The problem: Copy verbatim the block of lines in the entries below whose first line contains "Can Dental Retainers" and whose last line contains "Musical Hi Hat". Leave out all other lines.

Material for this task:
-- Opening Marker --

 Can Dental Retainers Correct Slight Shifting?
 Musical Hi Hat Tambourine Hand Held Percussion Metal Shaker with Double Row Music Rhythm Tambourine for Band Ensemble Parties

-- Closing Marker --
-- Opening Marker --

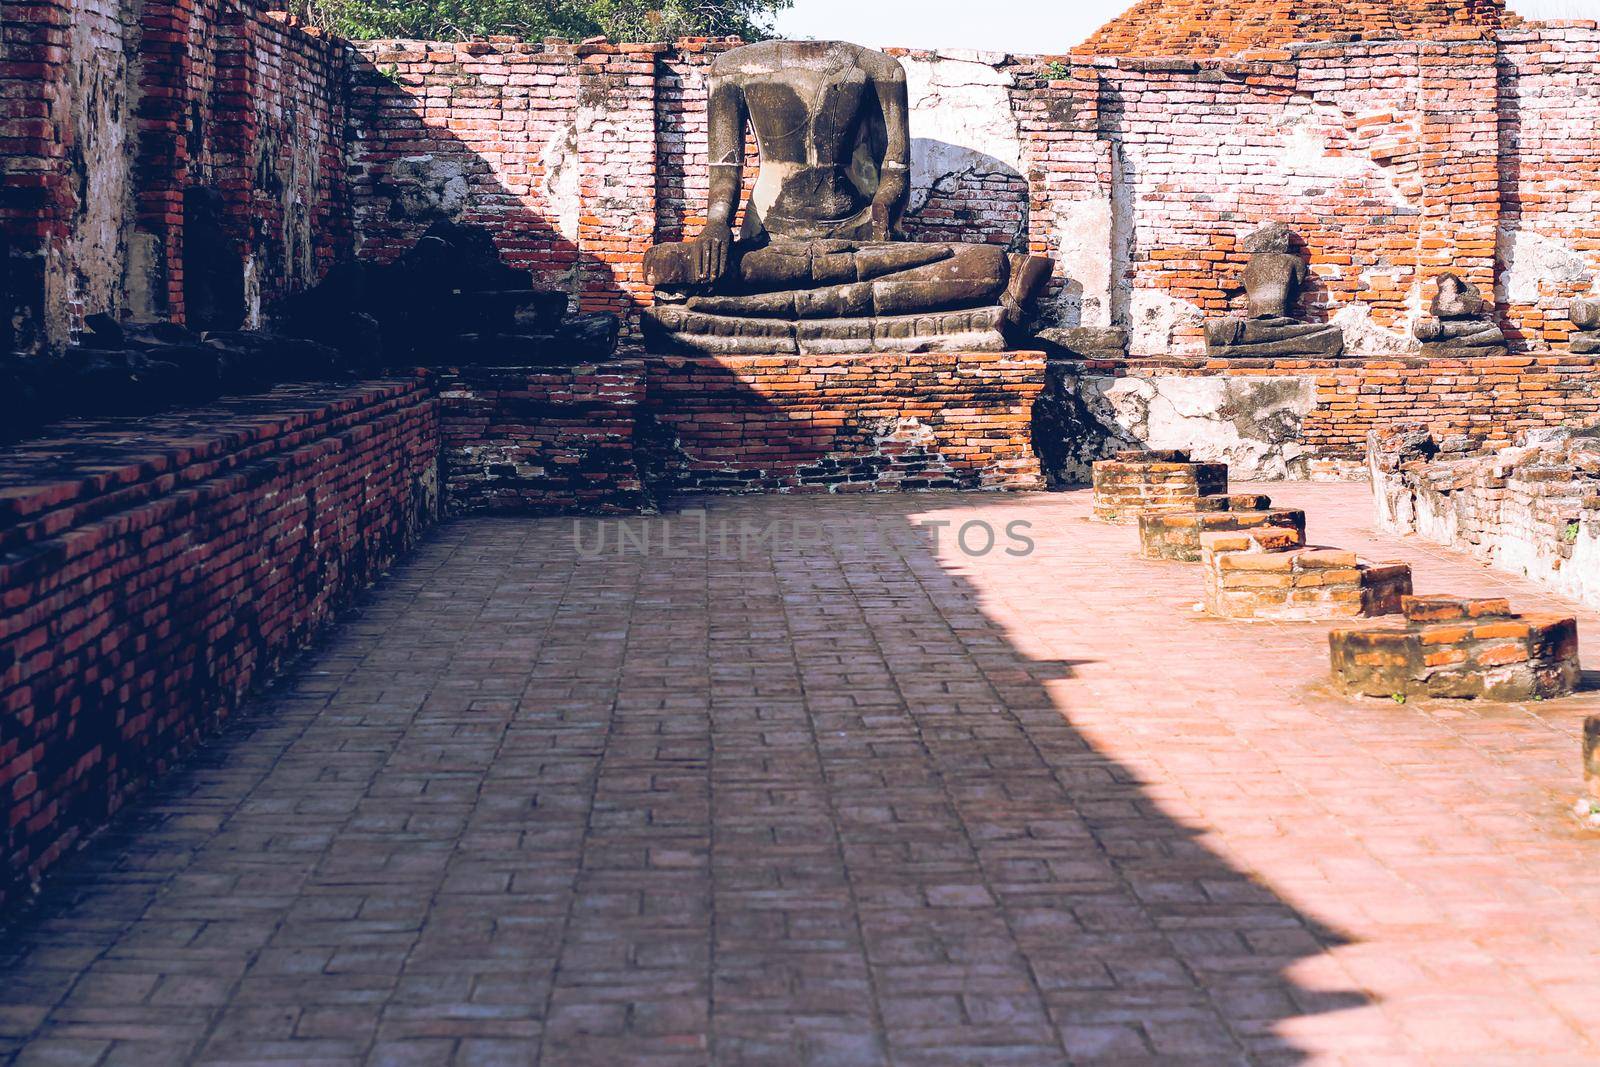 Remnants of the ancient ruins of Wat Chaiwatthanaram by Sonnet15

-- Closing Marker --

Solution:
 Can Dental Retainers Correct Slight Shifting?
 Musical Hi Hat Tambourine Hand Held Percussion Metal Shaker with Double Row Music Rhythm Tambourine for Band Ensemble Parties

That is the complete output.